In some embodiments, such as that shown in FIG. 8, the protective element 810 extends along the sides of the reference electrode 804 as far as the external surface of the reference electrode 804. In other embodiments, the protective element 810 extends only a portion of the way along the sides of the reference electrode 804. Additionally, in some embodiments, such as that shown, the protective element 810 extends on both sides of the reference electrode 804. In other embodiments, the protective element 810 only extends on one side of the reference electrode 804.

In some embodiments, instead of being molded into the protective element 810 itself, the reference electrode 804 is molded in a different material that at least partially surrounds the protective element 810. This may be desirable in embodiments where the protective element 810 does not have one or more material properties that are desirable for molding the reference electrode 804 in the protective element 810.

While a protective element may serve to protect the electrode conductor and the lead conductor in a lead, the protective element may also be susceptible to problems such as fraying that may result in exposure of sharp edges. In order to prevent such fraying, in some embodiments it may be desirable to provide a terminus for the protective element. In some embodiments, the terminus surrounds the end of the protective element such that any sharp edges on the protective element touch only the terminus and not the electrode and lead conductors.

Rather than introducing an additional element into the lead, which may complicate the manufacturing, use, and reliability of the lead, in some embodiments the reference electrode itself is formed as a terminus for the protective element. Various types of termini are possible. Two examples are shown in FIGS. 9-10, though other examples are possible as well.

FIG. 9 shows a cross-sectional view of an example lead including an insulating material, a protective element, and a reference electrode that forms a ring terminus for the protective element, in accordance with another embodiment. The lead 900 includes an electrode conductor 902, a reference electrode 904, a lead conductor 906, an insulating material 908, and a protective element 910. In the example shown, the insulating material 908 also surrounds a portion of the protective element 910.

As shown, the reference electrode 904 surrounds the end of the protective element 912, thereby reducing the risk of exposed sharp edges at the end of the protective element 910. Additionally, an exterior edge of the reference electrode 904 is exposed such that the reference electrode 904 may collect a stimulation current from one or more corresponding stimulation sites, as described above.

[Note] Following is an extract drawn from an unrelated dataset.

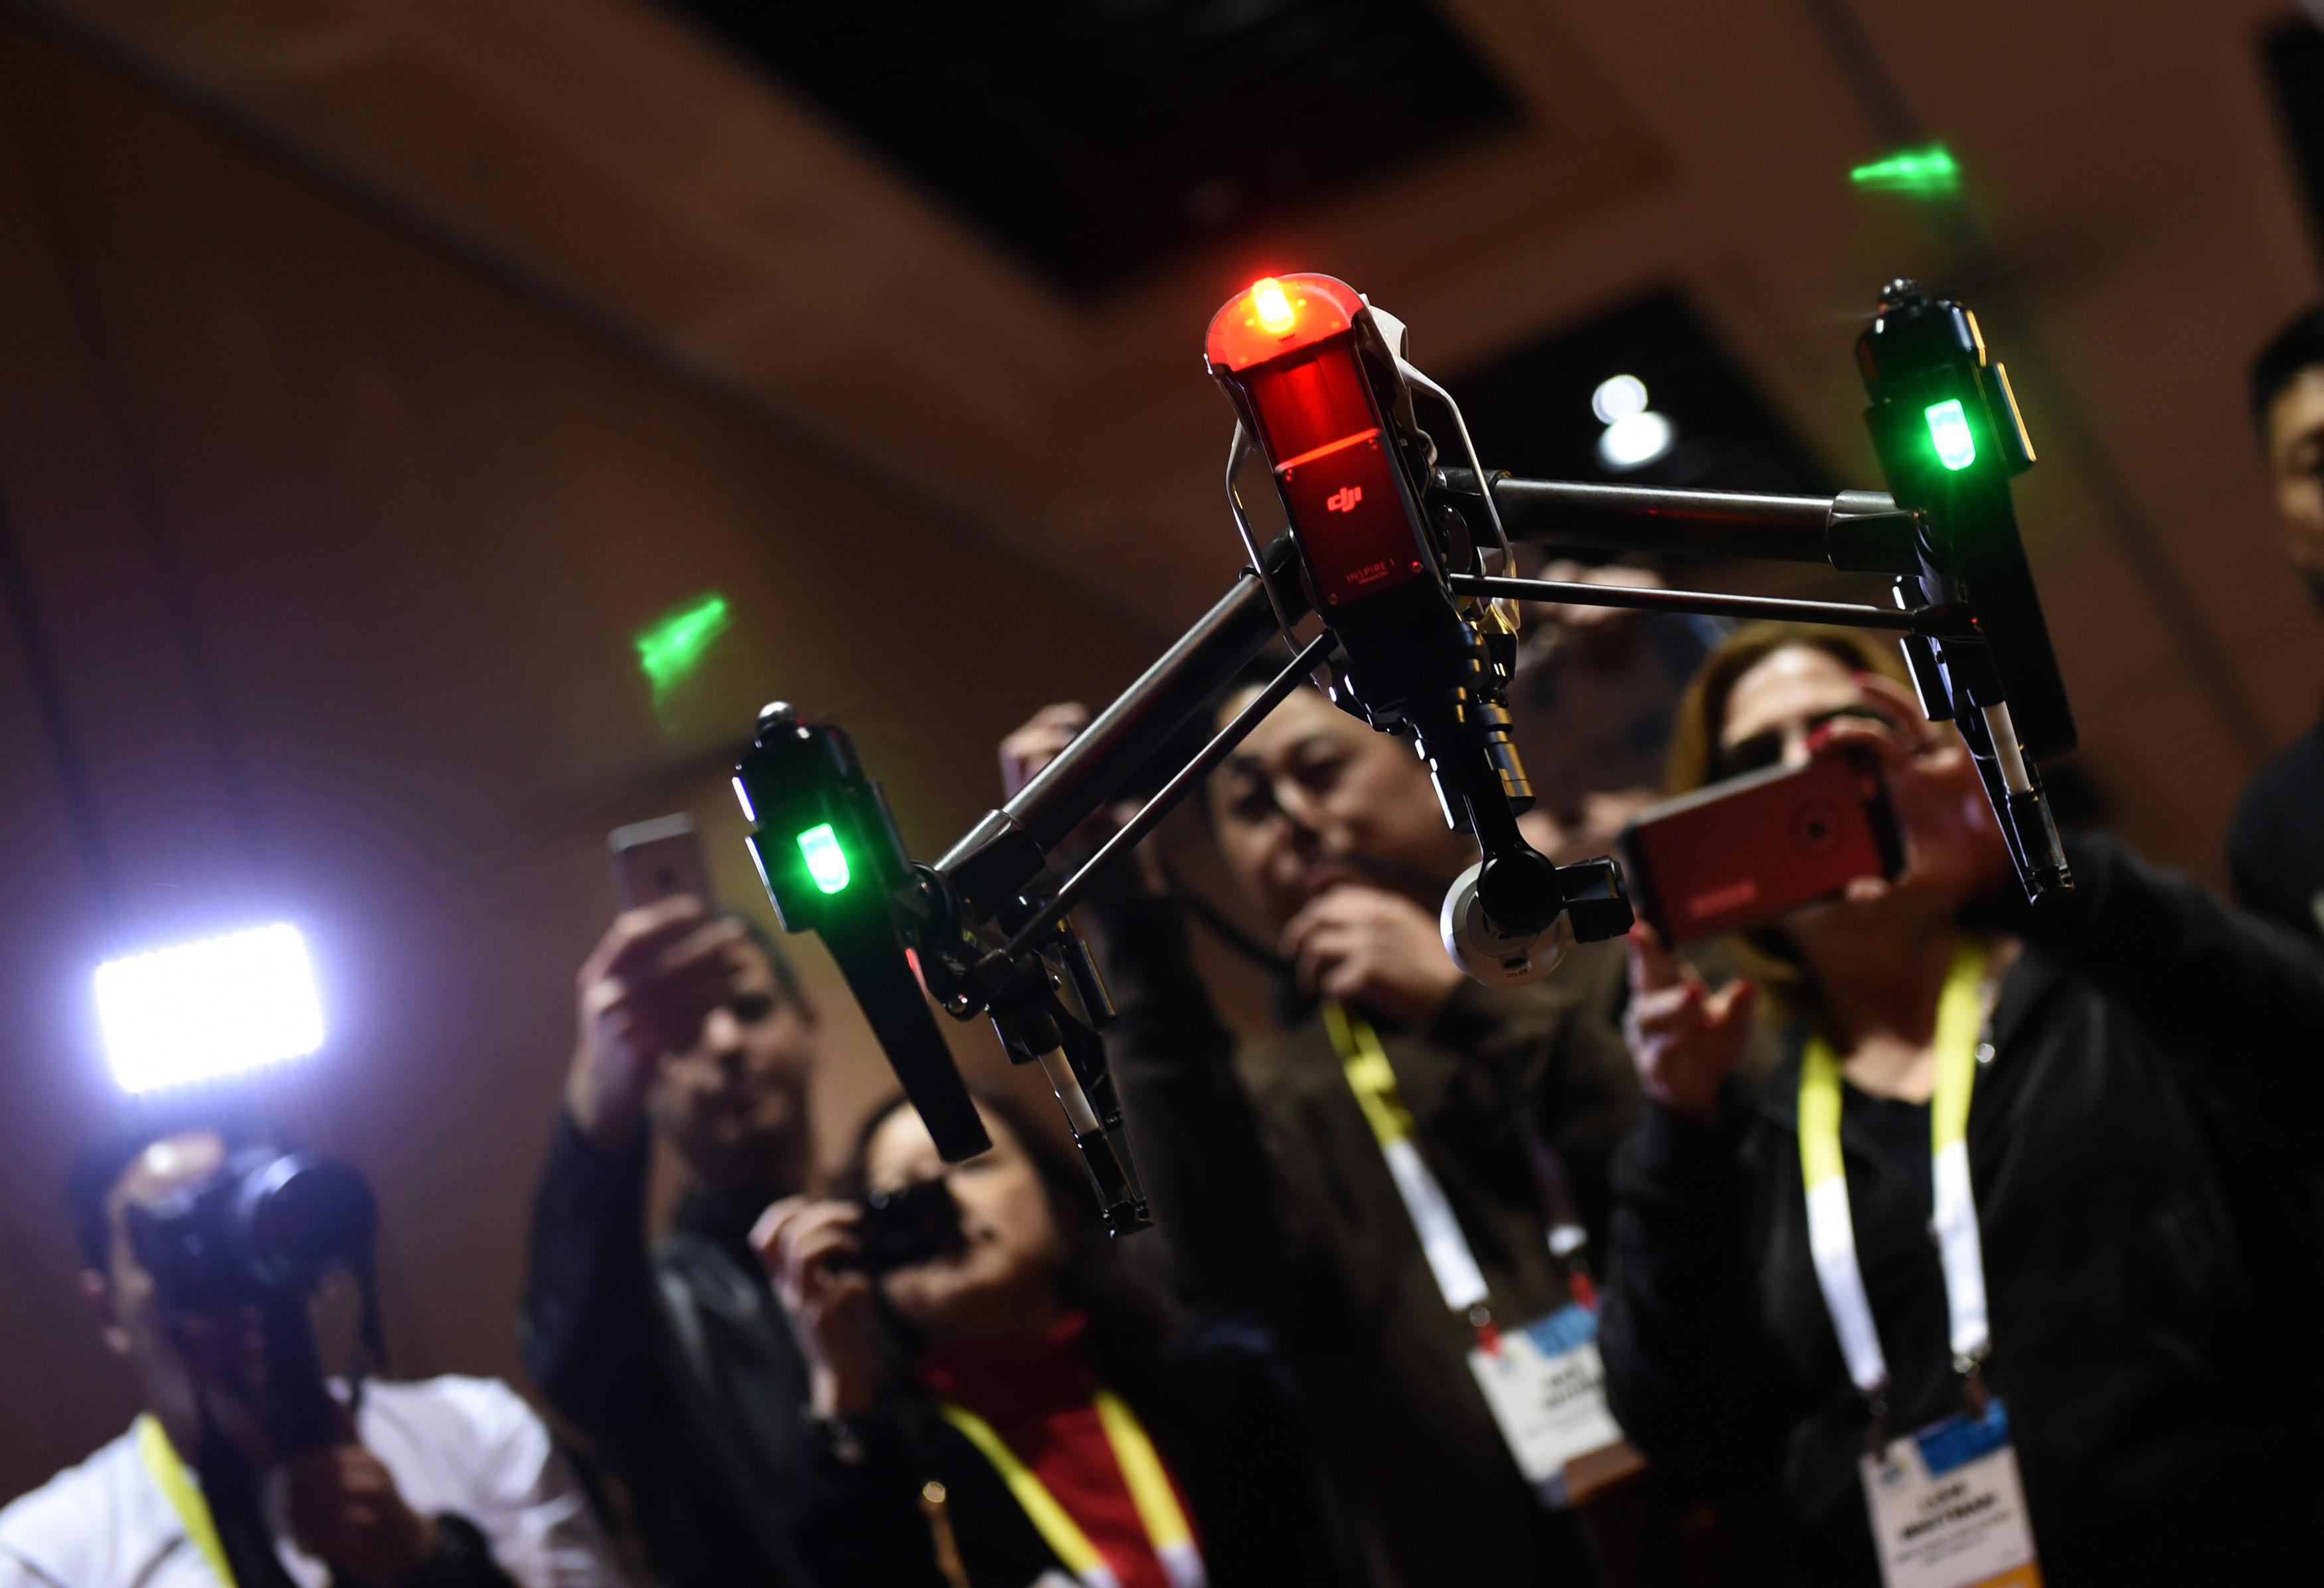 Il drone Dji Inspire 1 durante una dimostrazione al Ces 2015 di Las Vegas (Infophoto)

Another example of a terminus is a clamp terminus. FIG. 10 shows a cross-sectional view of an example lead including an insulating material, a protective element, and a reference electrode that forms a clamp terminus for the protective element, in accordance with another embodiment. The lead 1000 includes an electrode conductor 1002, a reference electrode 1004, a lead conductor 1006, an insulating material 1008, a protective element 1010, and an electrically conductive ring 1012. The electrode conductor 1002 and the reference electrode 1004 are shown to be electrically coupled via the electrically conductive ring 1012. Alternately or additionally, in embodiments where the protective element 1010 is electrically conductive, the electrode conductor 1002 and the reference electrode 1004 may be electrically coupled via the protective element 1010.

As shown, the protective element 1010 is clamped between the reference electrode 1004 and the electrically conductive ring 1012. In some embodiments, the distance between the reference electrode 1004 and the electrically conductive ring 1012 is controlled using, for example, a thread 1014 or other mechanism.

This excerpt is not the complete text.